Toward actuated and responsive environments: designing unobtrusive motions to guide users’ postural behaviors during동적으로 반응하는 환경: 사용자의 주의를 끌지 않으며 자세 행동을 유도하는 움직임 디자인
The scale of dynamic and interactive systems have grown from small objects to furniture- and room-scale. This brings new design opportunities in Human-Computer Interaction (HCI) where users’ environments become actuated and responsive as well as users interact with whole-body movements. Considering that the environments change their position, shape, or layout in real-time, the major approach found in the literature has been adapting the environments to users’ varying needs. On the contrary, if environments understand users and know the potential improvements in users’ behaviors, I expect that the future direction is systems guiding users toward the preferred state.
In this dissertation, I investigated actuated and responsive systems that guide users’ behaviors with the motions in their environments. I conducted studies in the context of correcting unhealthy sitting behaviors in users’ workspaces. Studies in ergonomics have shown physical inactivity as a health threat and recommended balanced sitting and frequent posture changes. To trigger such postural behaviors, I moved visual content and body support. I estimated users’ motion detection threshold to design unobtrusive user guidance that does not interrupt users’ primary activities. Throughout the investigation, I sought out to understand the benefits and limitations of unobtrusive user guidance during their activities, the design space, and how users respond to the motions that are under their perception threshold.

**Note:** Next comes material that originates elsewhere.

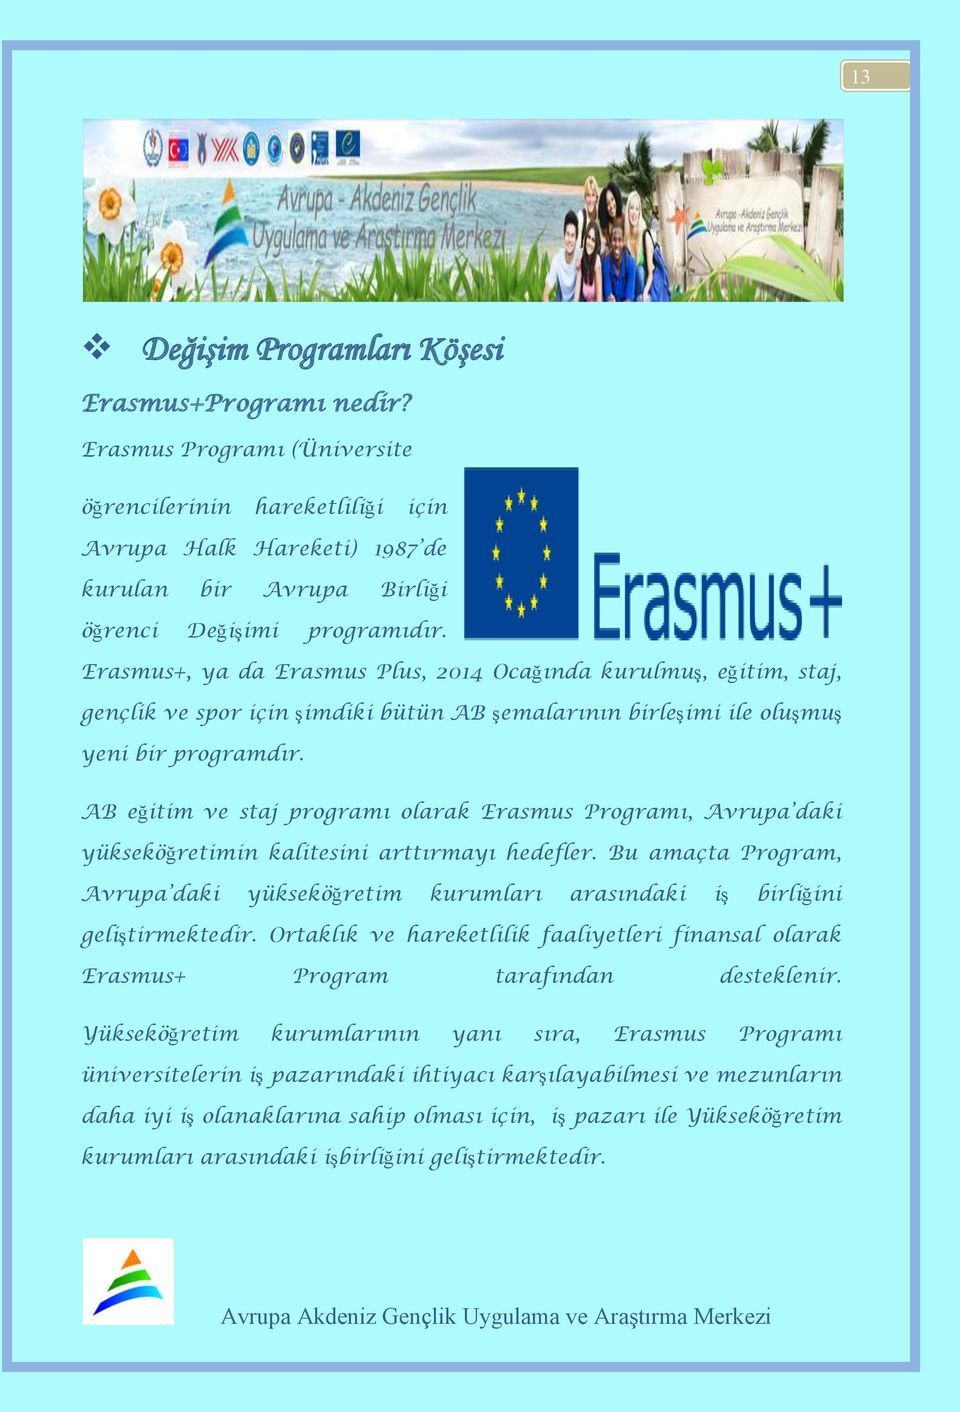 Erasmus+, ya da Erasmus Plus, 2014 Ocağında kurulmuş, eğitim, staj, gençlik ve spor için şimdiki bütün AB şemalarının birleşimi ile oluşmuş yeni bir programdır.

Based on the results, my contributions can be summarized as follows: a) I developed the prototypes of actuated and responsive systems that unobtrusively guide users during their activities, b) I share the initial taxonomy of actuated and responsive systems to guide continuous investigations in the field of HCI, and c) I discuss the potential applications and further research subjects to promote systems that guide users for their own good.